_Directions for this task_
Because the copy must hold no pictures, return the data below with all of its words intact.

_Raw data_
+ + + + +
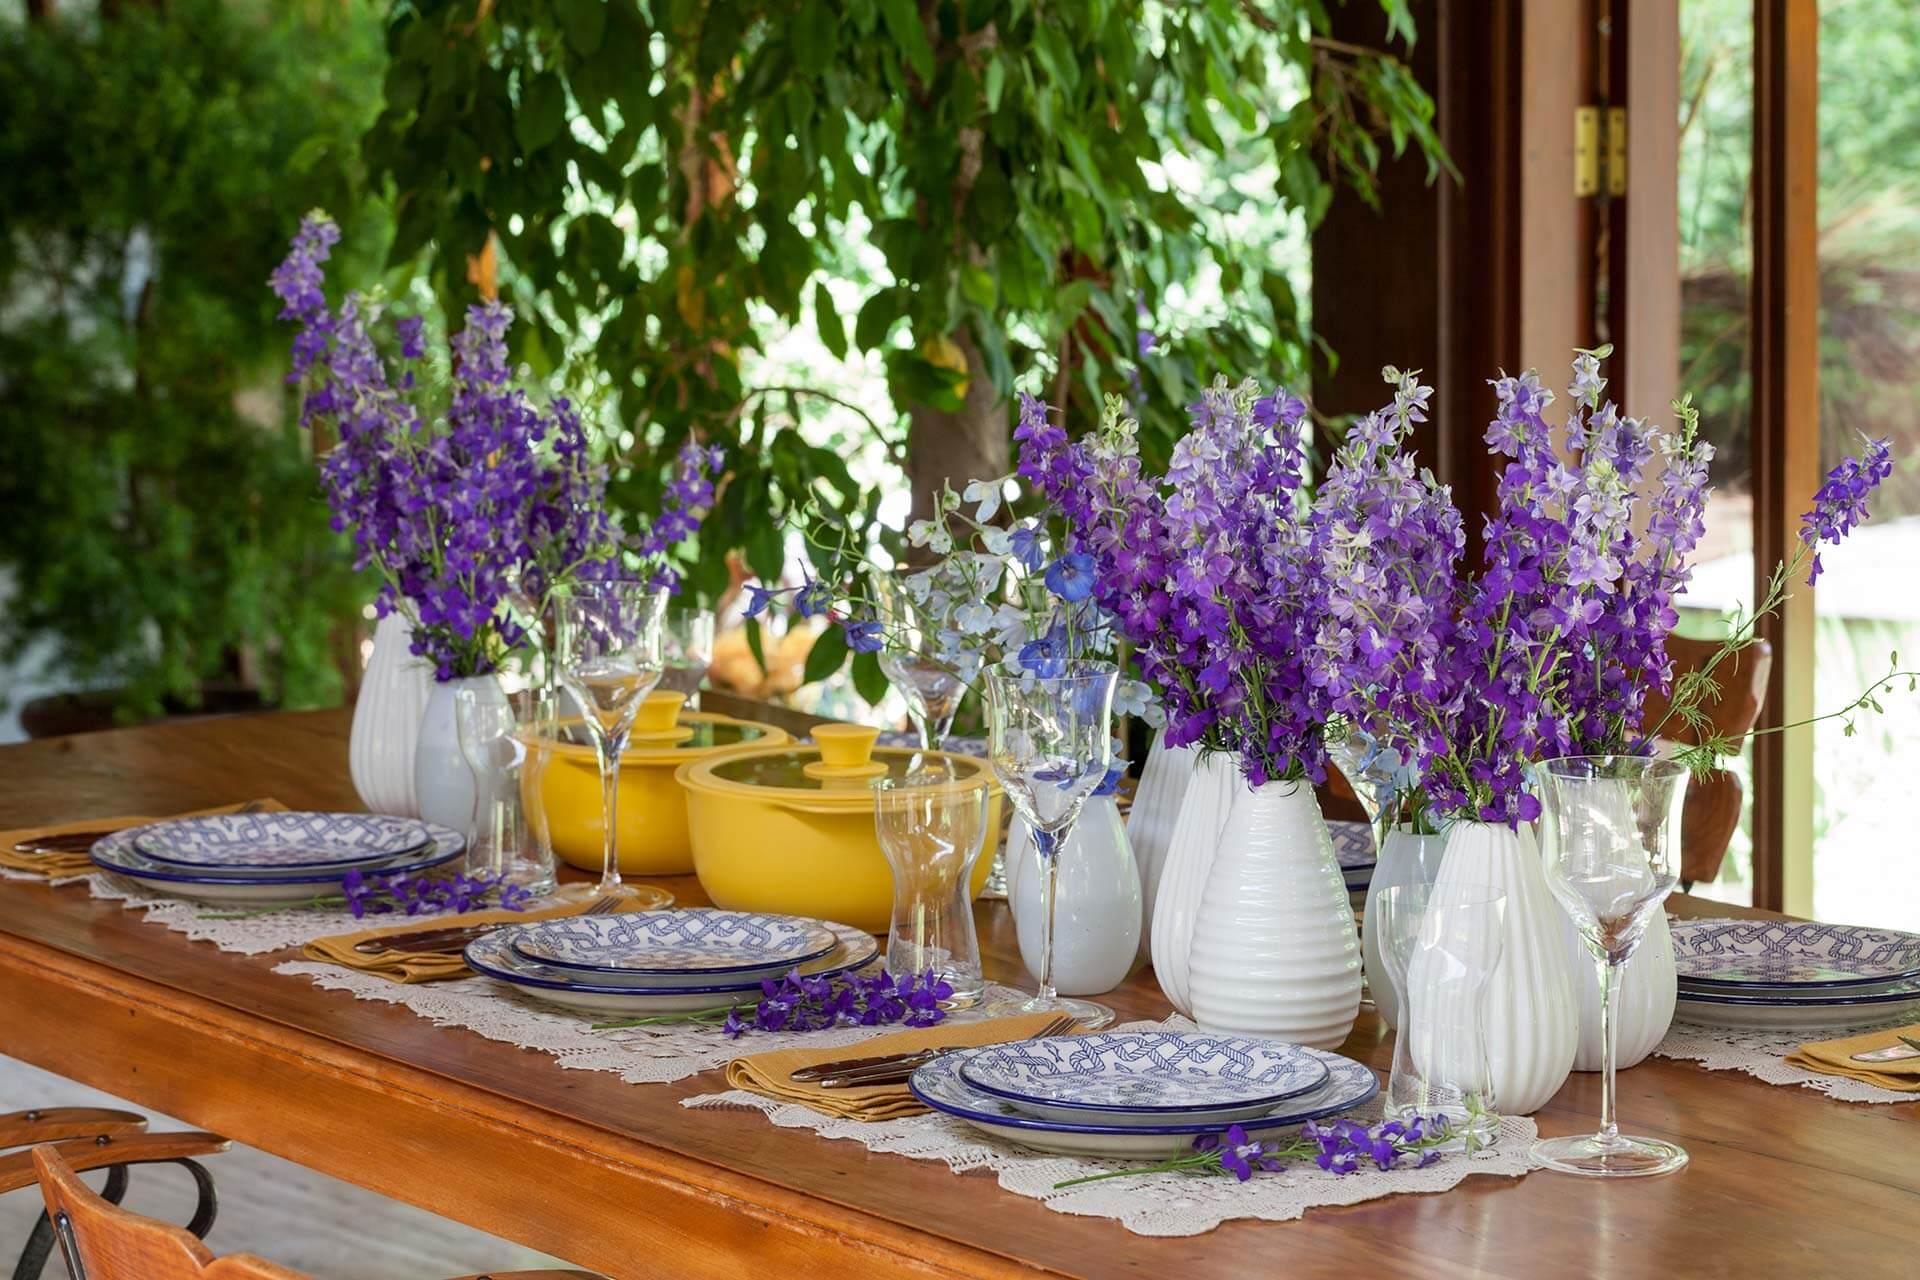 Imagem: O contraste entre cores fortes chama a atenção nessa mesa para almoço. Tons de azul, amarelo e roxo estão em perfeita harmonia na composição. Foto: Julia Ribeiro.
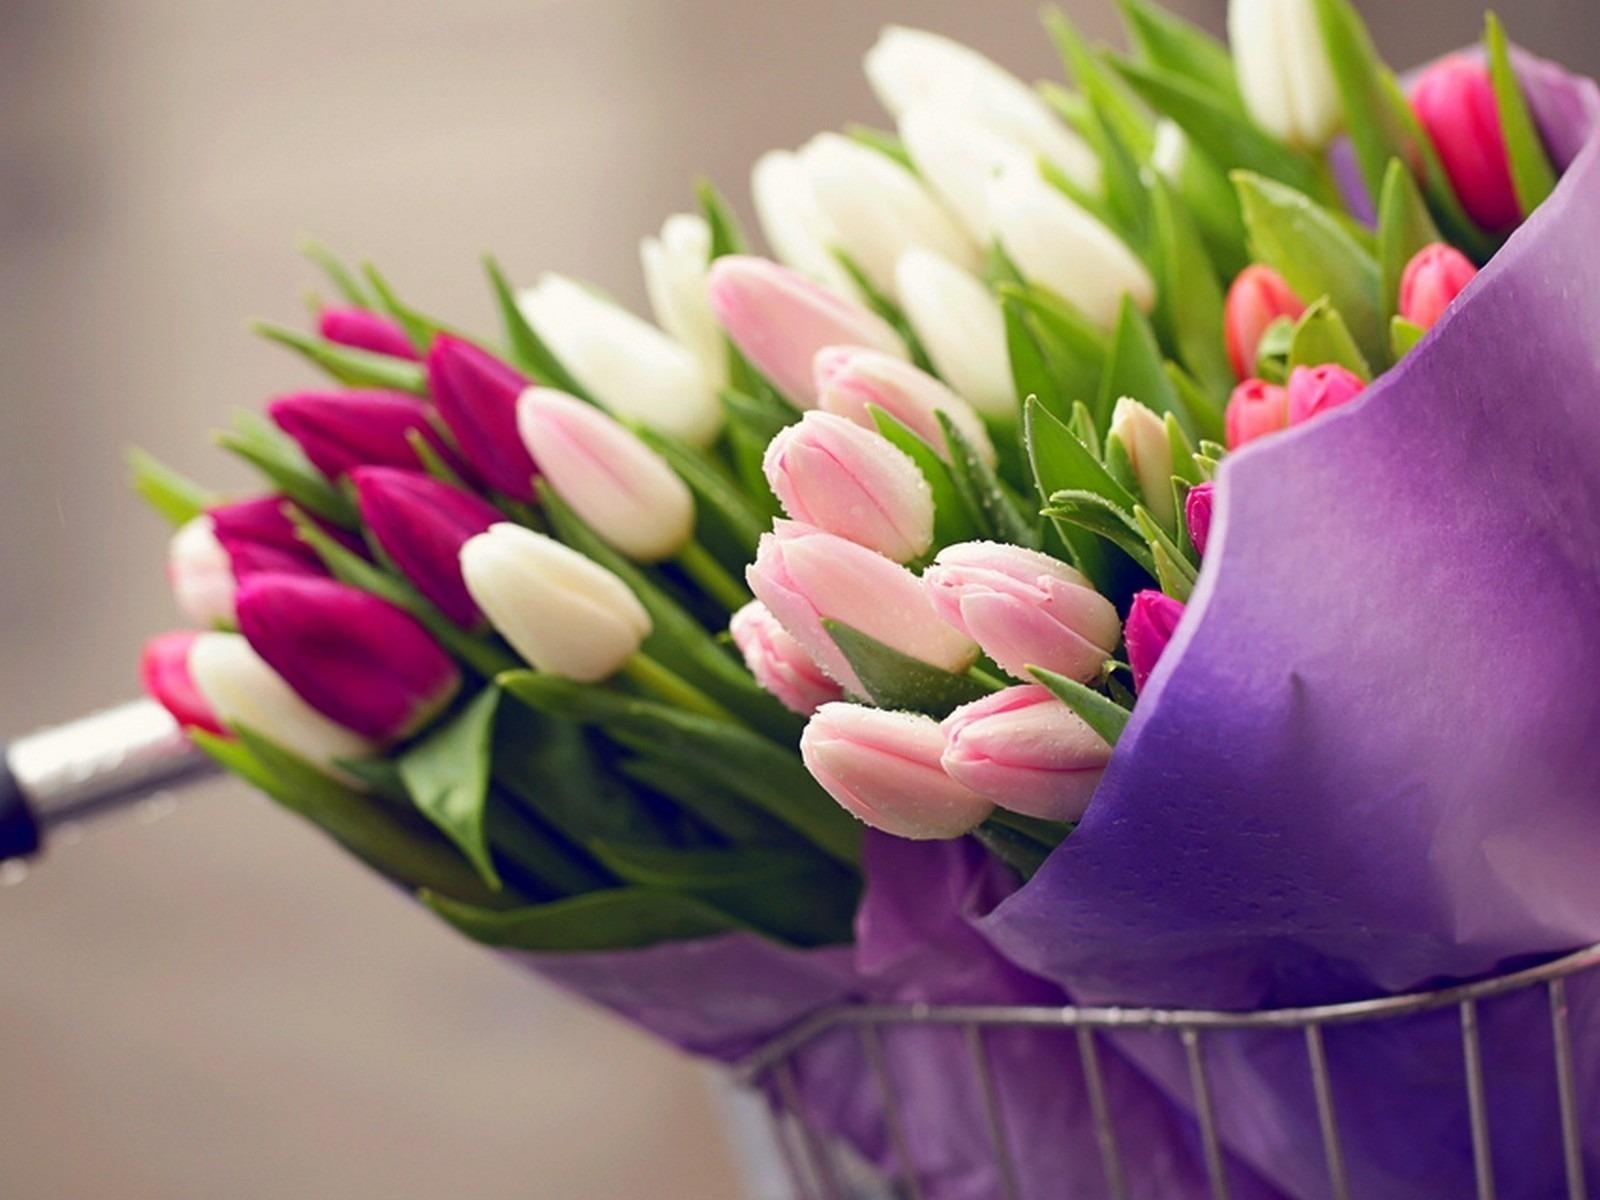 hinh nen hoa tulip 18
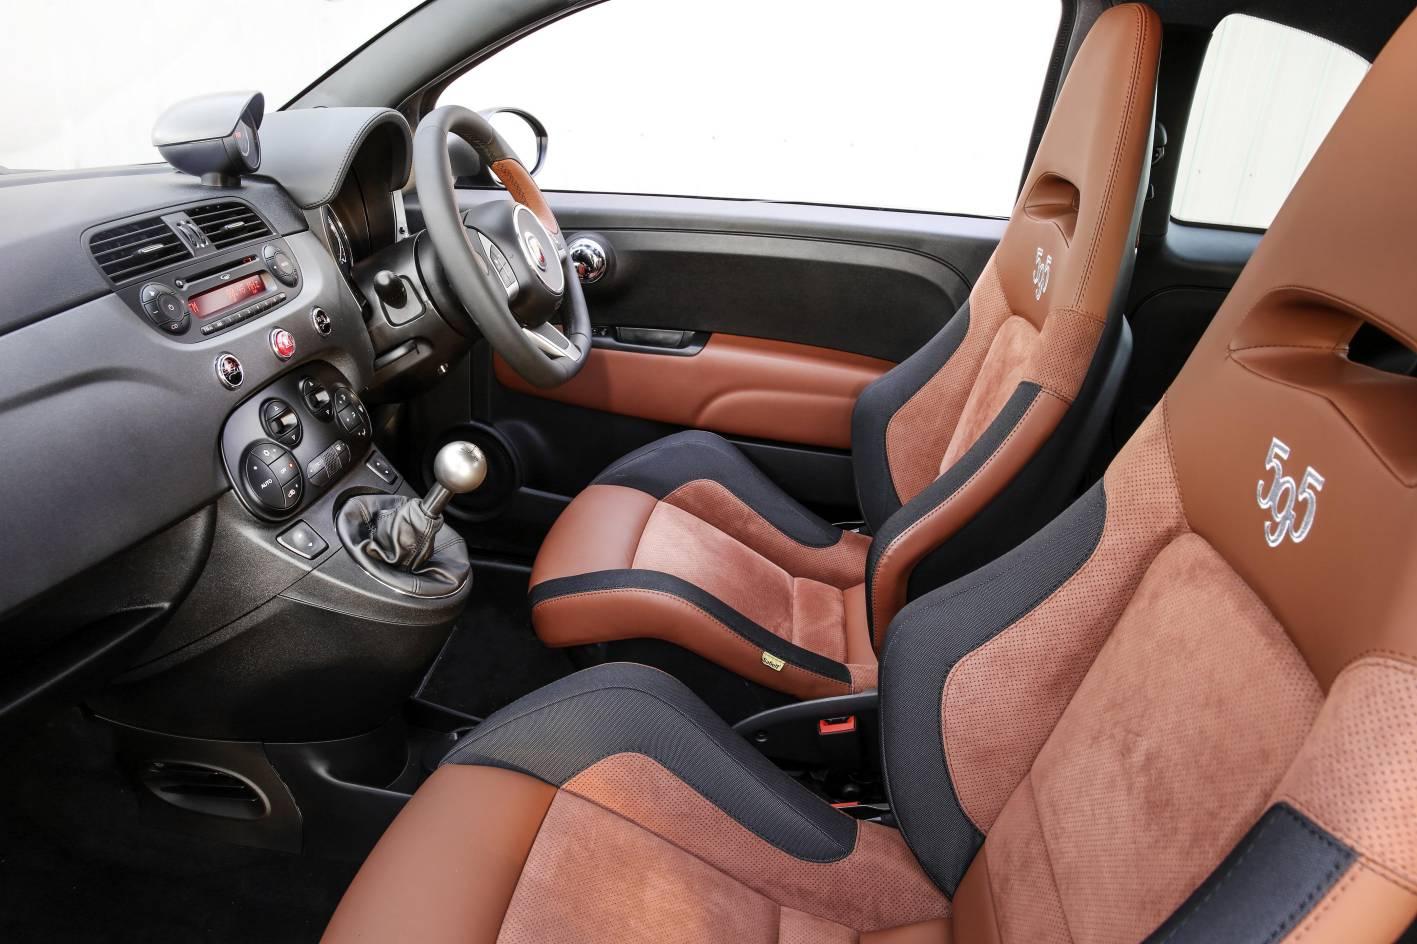 Abarth 595 Turismo Amp Competizione Announced For 2015
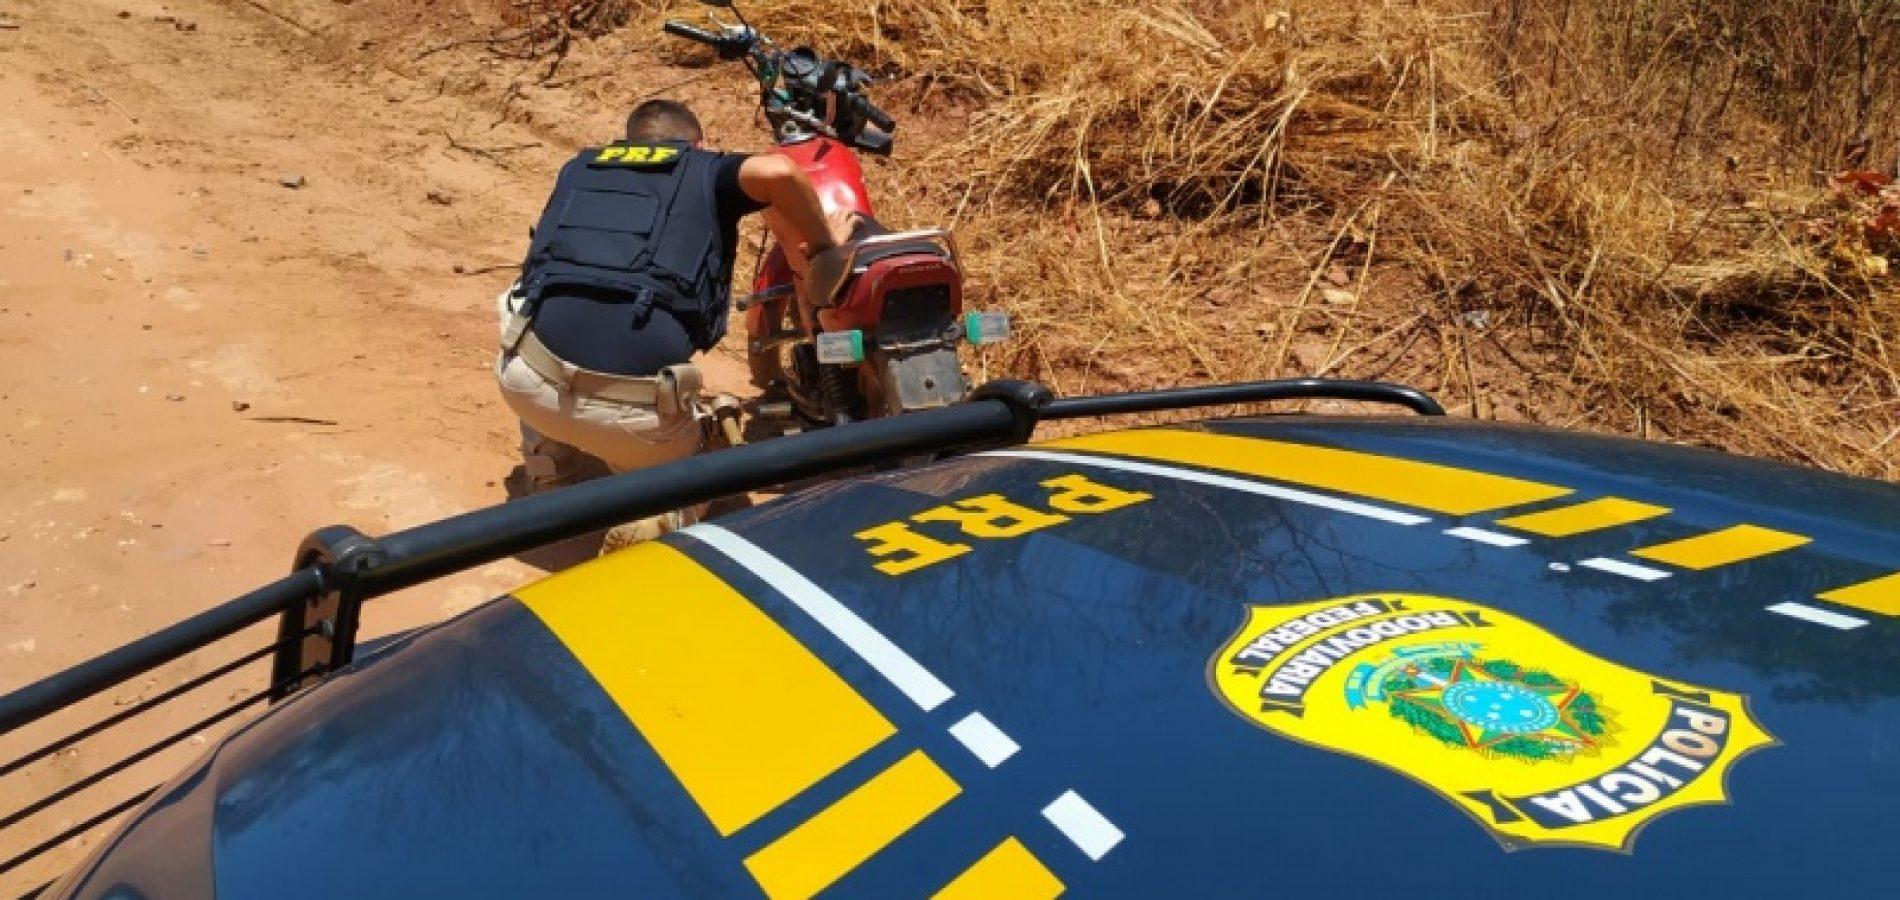 PRF apreende motocicleta e prende homem por adulteração de sinal identificador do veículo em Valença do Piauí
+ + + + +
_Answer section_
 Imagem: O contraste entre cores fortes chama a atenção nessa mesa para almoço. Tons de azul, amarelo e roxo estão em perfeita harmonia na composição. Foto: Julia Ribeiro.
 hinh nen hoa tulip 18
 Abarth 595 Turismo Amp Competizione Announced For 2015
 PRF apreende motocicleta e prende homem por adulteração de sinal identificador do veículo em Valença do Piauí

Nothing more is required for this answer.